Fitur

5 Submission Terbaik Dari Para Bintang Di ONE: INSIDE THE MATRIX

Pada hari Jumat, 30 Oktober, ONE Championship akan menyajikan kartu pertandingan terbaik dalam tahun ini ke hadapan para penggemar di seluruh dunia dengan ajang ONE: INSIDE THE MATRIX.

Ajang ini menjadi saksi dari kartu pertandingan yang dipenuhi oleh spesialis submission yang dapat mengakhiri laga kapan pun juga.

Baik saat mereka meraih lengan, kaki, atau menanamkan sebuah kuncian leher, para atlet ini memiliki keahilan tinggi dan sangat kreatif di atas matras. Inilah alasan mengapa anda dapat berharap untuk melihat beberapa penyelesaian menarik dalam empat laga Kejuaraan Dunia dalam ajang ini.

Berikut adalah beberapa kilasan terkait aksi luar biasa yang akan hadir, dengan menampilkan lima submission terbaik dari para bintang yang akan berlaga di ONE: INSIDE THE MATRIX.

Iuri Lapicus Pastikan Status Penantang Teratas

Iuri Lapicus ???????? submits Marat Gafurov ????????

Undefeated phenom Iuri Lapicus ???????? submits rear naked choke master Marat Gafurov ???????? via RNC just 67 seconds into the first round! ⏱????: How to watch ???? http://bit.ly/ONEWCWatch????: Watch on the ONE Super App ???? bit.ly/ONESuperApp????: Shop official merchandise ???? bit.ly/ONECShop

Posted by ONE Championship on Friday, February 7, 2020

Pada bulan Februari, Iuri Lapicus mengamankan laga perebutan gelar Juara Dunia ONE Lightweight melawan sang penguasa Christian Lee dengan penampilan singkat selama 67 detik yang luar biasa saat menghadapi mantan Juara Dunia ONE Featherweight Marat “Cobra” Gafurov.

Atlet asal Moldova yang berbasis di Italia ini mengancam dengan seranga atas, yang memaksa Gafurov mengincar sebuah takedown untuk memperlambat jalannya aksi. Namun, Lapicus cepat bereaksi dengan membalas melalui sebuah lemparan sebelum dengan mulus meraih punggung lawan dalam sebuah scramble cepat.

Sebelum laga ini, Gafurov telah meraih enam kemenangan beruntun melalui kuncian rear-naked choke, namun malam itu, adalah Lapicus yang sangat cepat menarik pelatuk dan menempatkan lengannya.

Tanpa keringat sedikit pun di tubuhnya dan satu menit lebih sedikit dalam laga divisi lightweight ini, “Cobra” tak memliki kesempatan melepaskan diri. Lalu, Lapicus menekan sampai lawannya tertidur.

Kemenangan impresif di ONE: WARRIOR’S CODE ini adalah penampilan terbaik Lapicus, dimana ini menjadikan atlet tak terkalahkan ini penantang teratas dalam divisinya dan kesempatan dalam perebutan gelar melawan pria di bawah ini.

Christian Lee Cetak Sejarah

Kemenangan submission dari Christian “The Warrior” Lee di ajang ONE: VISIONS OF VICTORY atas Kazunori Yokota pada bulan Maret 2018 tidak hanya sangat impresif – itu mencetak sejarah. Pada usianya yang ke-19, atlet Singapura ini mencetak rekor terbaru dalam organisasi ini saat itu dengan kemenangan kesembilannya melalui penghentian wasit.

Lee nampak tajam pada awal laga dan berada pada posisi dominan saat ronde pertama berakhir.

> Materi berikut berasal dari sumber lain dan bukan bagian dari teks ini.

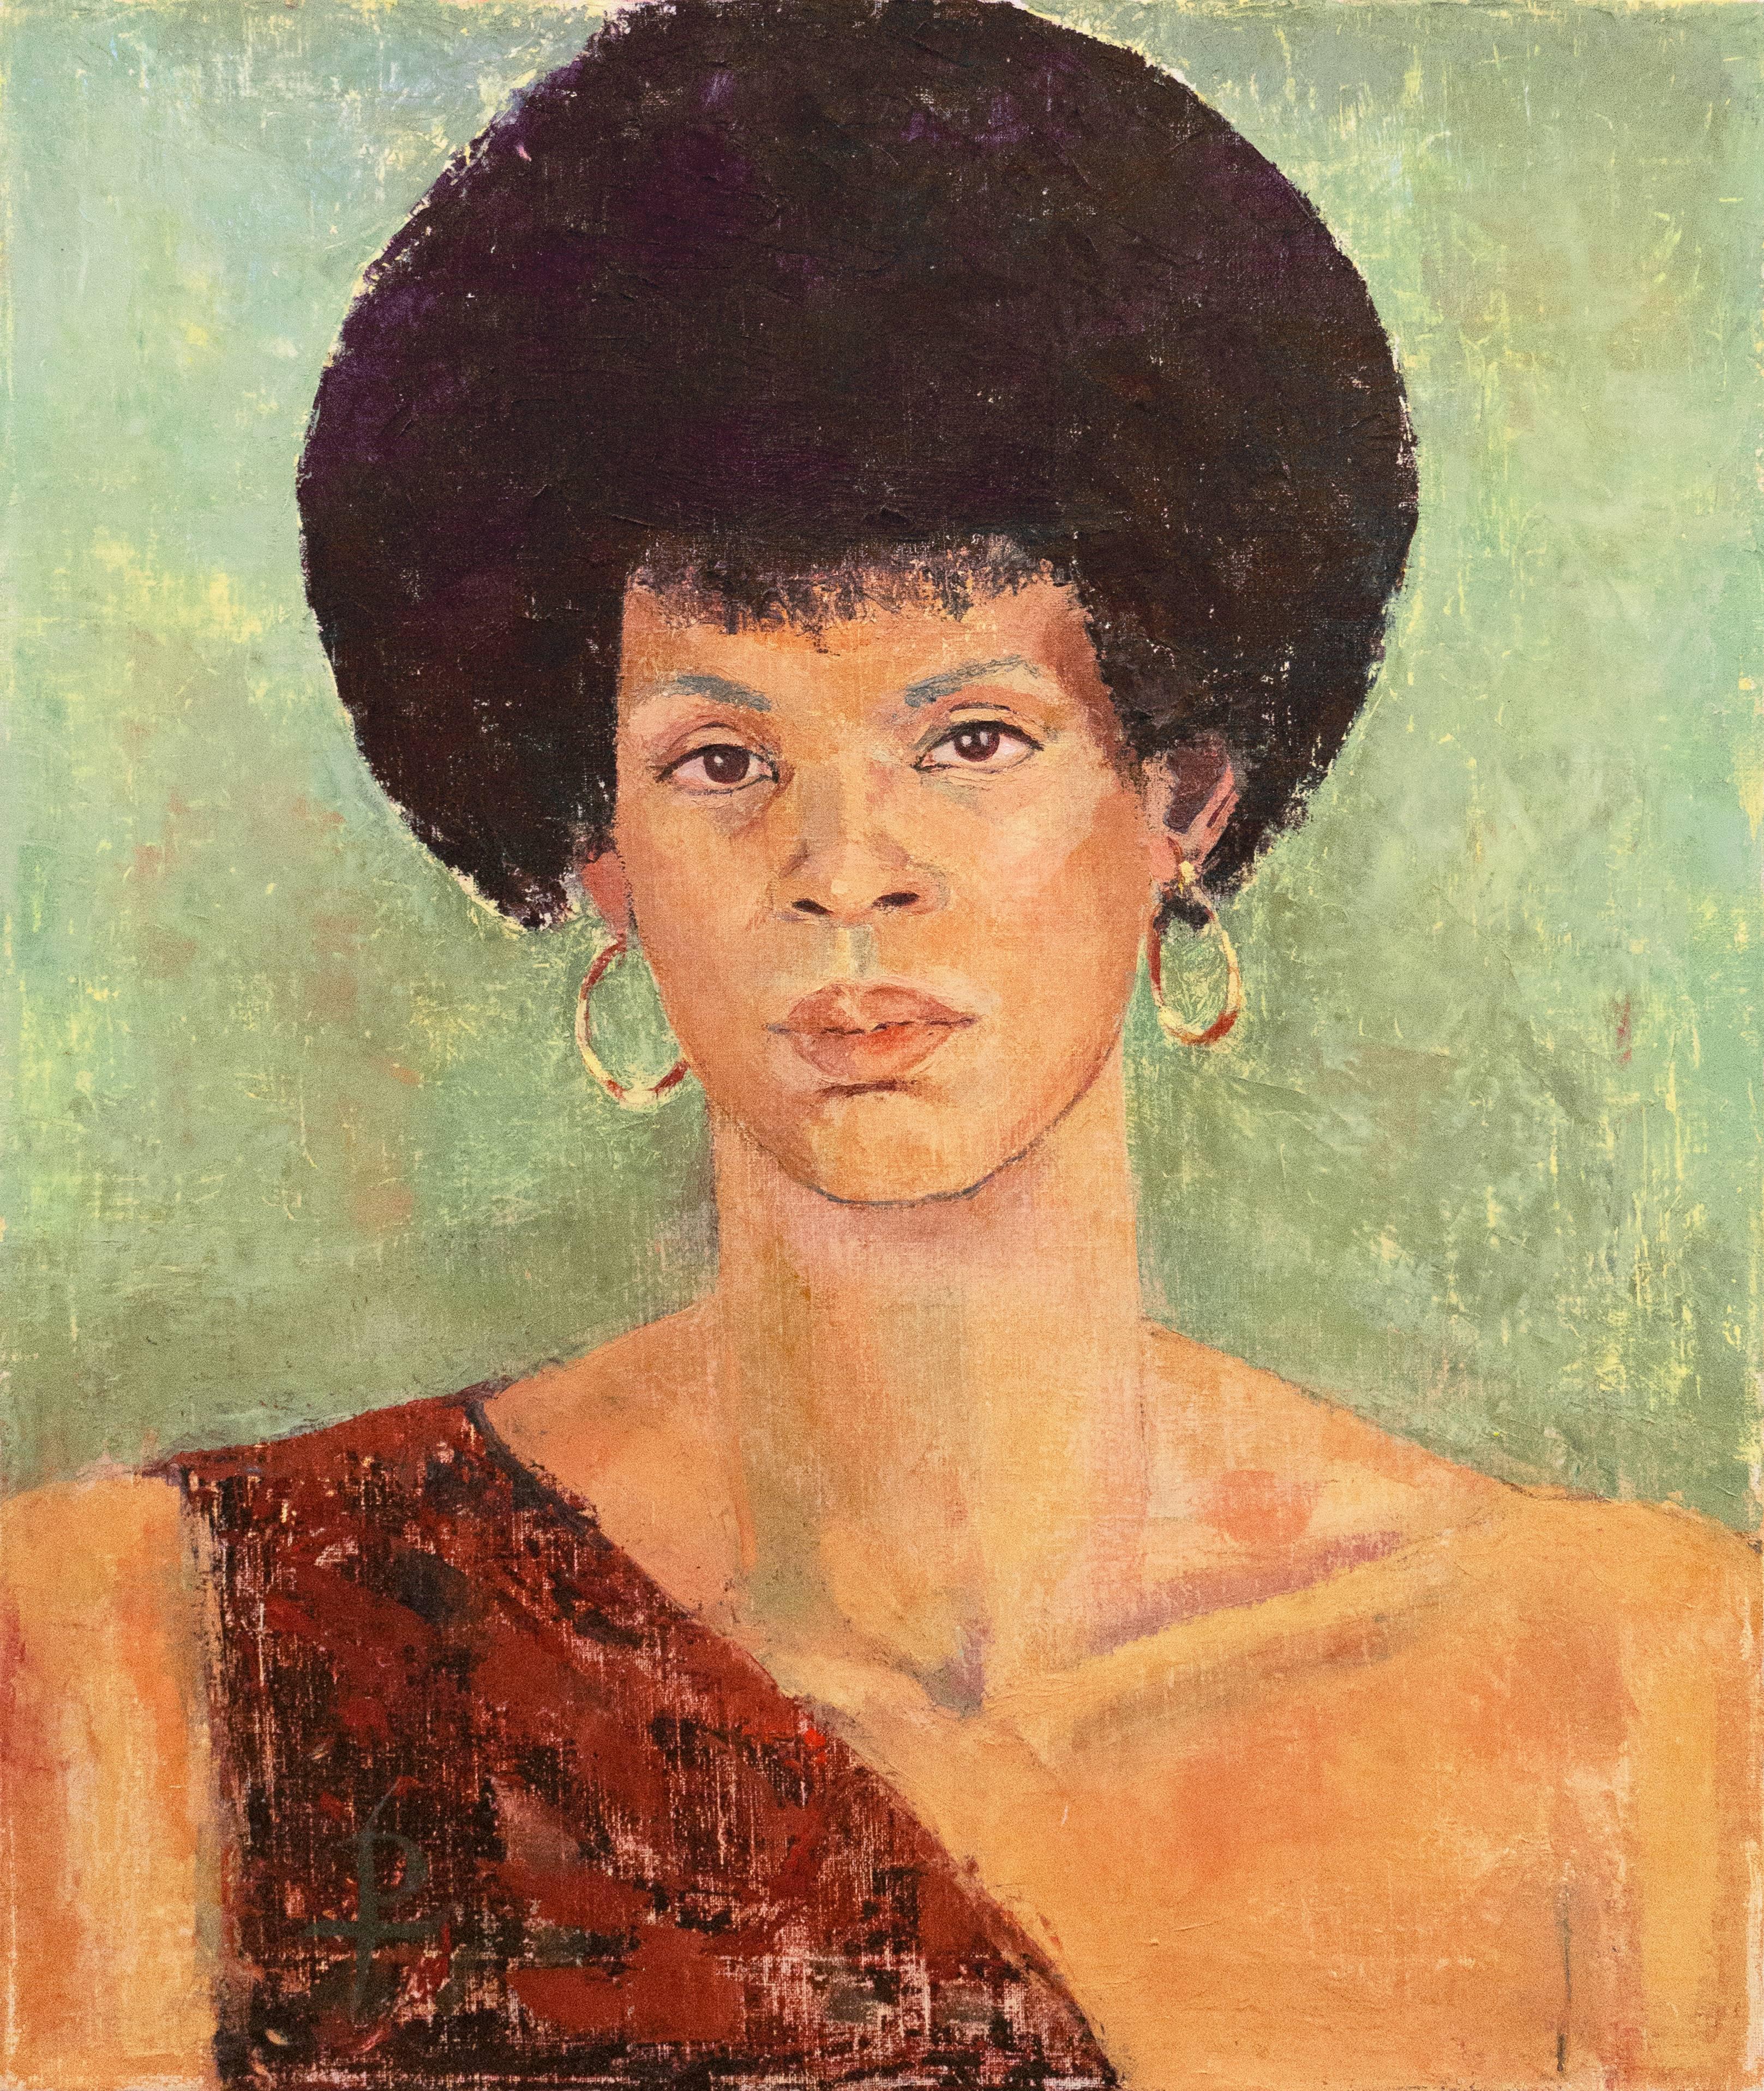 'Sheila Antoine with Afro', Sir John Cass, Otis Art Institute, California

Di stanza kedua, “The Warrior” membawa laga kembali ke atas kanvas dan hampir mencetak penyelesaian melalui kuncian guillotine choke sebelum Yokota dapat melepaskan diri.

Setelah kontes kembali beralih ke posisi stand-up, Yokota berbalik membawa laga kembali ke atas kanvas, yang ternyata menjadi sebuah keputusan yang buruk.

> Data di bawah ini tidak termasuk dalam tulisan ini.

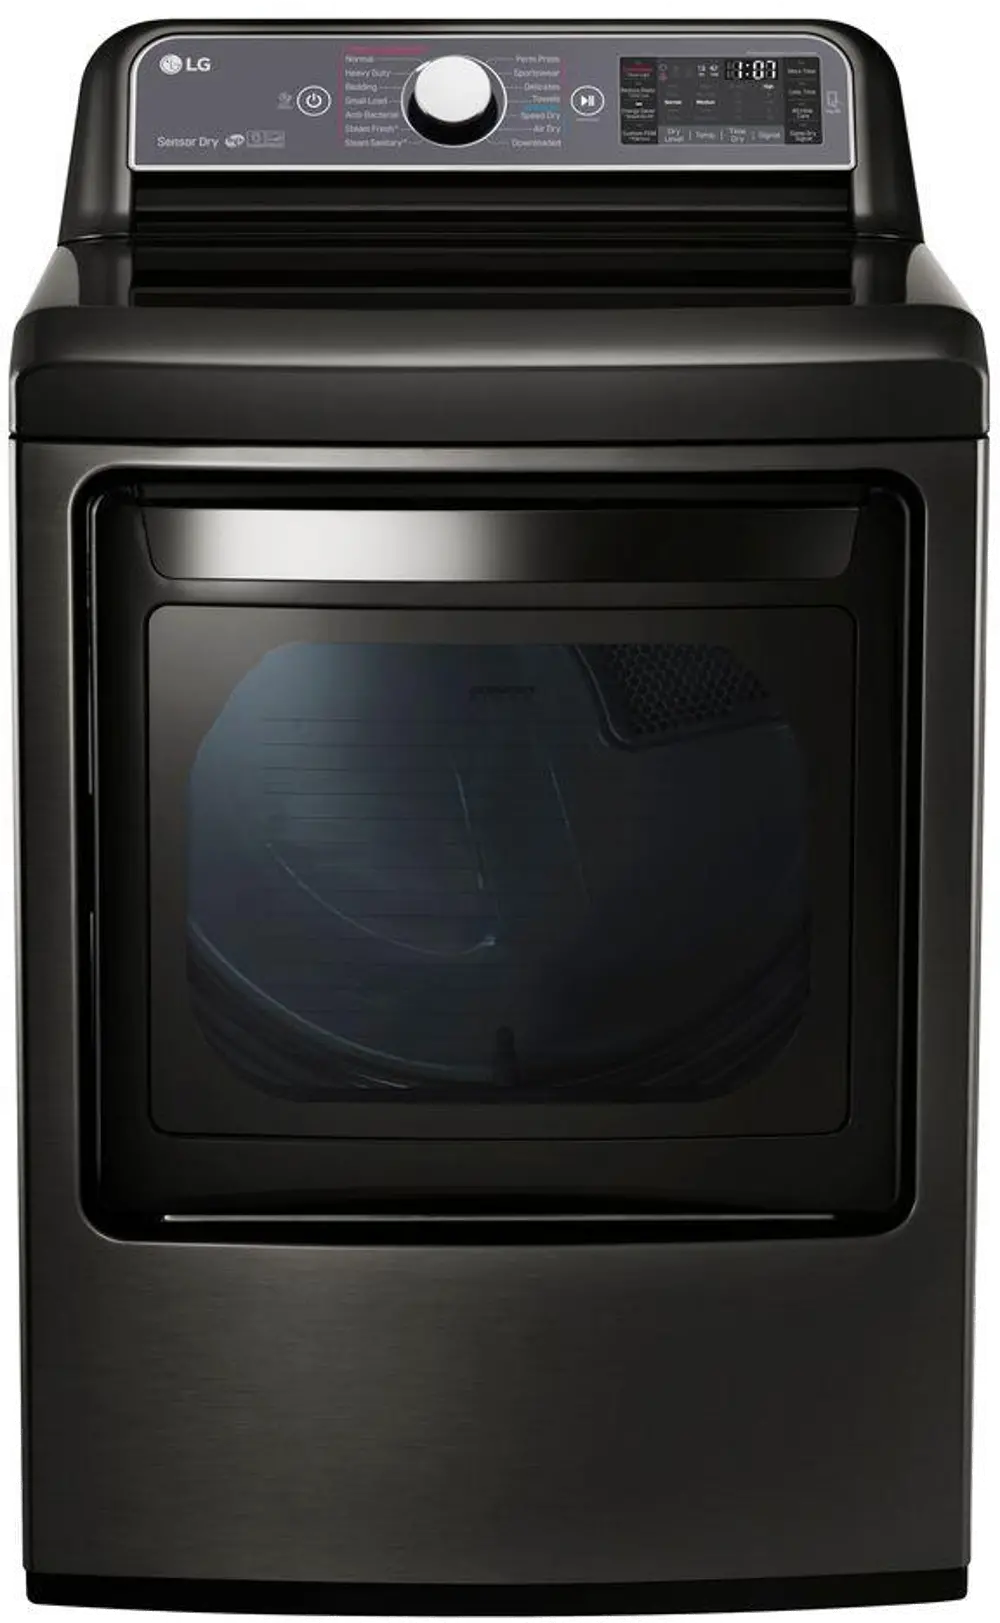 DLEX7600KE LG Electric Dryer with EasyLoad - 7.3 cu. ft. Black Stainless Steel-1

Saat kedua atlet ini berebut posisi dan melakukan scramble dengan liar, Lee menempatkan lengannya di bawah dagu dalam sebuah kuncian guillotine termodifikasi yang dinamainya “Terminator Guillotine.” Lalu, atlet keturunan Singapura-Amerika ini mengamankan submission dengan masuk ke posisi guard dan menekan sampai lawannya itu tap-out.

Penampilan ini menunjukkan bagaimana semangat dan kreativitas Lee nampak menonjol demi meraih penyelesaian.



Aung La N Sang Jinakkan ‘The Panther’

Dalam sebuah Laga Super Divisi Terbuka, yang disebut juga Open Weight Super-Bout, Aung La “The Burmese Python” N Sang berhadapan dengan Juara Dunia Muay Thai dan Kickboxing empat kali, Alain “The Panther” Ngalani dalam sebuah laga antara dua raksasa.

Pada ajang ONE: HERO’S DREAM di bulan November 2017, superstar Myanmar ini menggunakan kemampuan grappling luar biasa untuk membuat raksasa heavyweight itu kelelahan dan menyelesaikan laga hanya beberapa saat sebelum akhir stanza awal. Ini adalah penampilan penuh persistensi dari Aung La N Sang, yang mengejar submission.

Percobaan submission pertama adalah sebuah kuncian guillotine yang hampir saja menyelesaikan laga, namun “The Panther” membebaskan kepalanya dan menerjang maju. Saat itu, perwakilan Sanford MMA ini mengetahui bahwa ia unggul di ranah ground dan berlanjut menyerang dengan kuncian armbar yang dapat pula dimentahkan Ngalani.

Lalu, saat keduanya berada di posisi berdiri dan masuk ke dalam clinch, Aung La N Sang merasa lawannya berusaha keras menyamai ritmenya. Saat Ngalani membuka celah di kepalanya sekali lagi, “The Burmese Python” menyelipkan lengan kanannya di bawah dagu dan meraih kuncian guillotine choke sekali lagi.

Kali ini, “The Panther” tak dapat melepaskan diri dan terpaksa melakukan tap-out.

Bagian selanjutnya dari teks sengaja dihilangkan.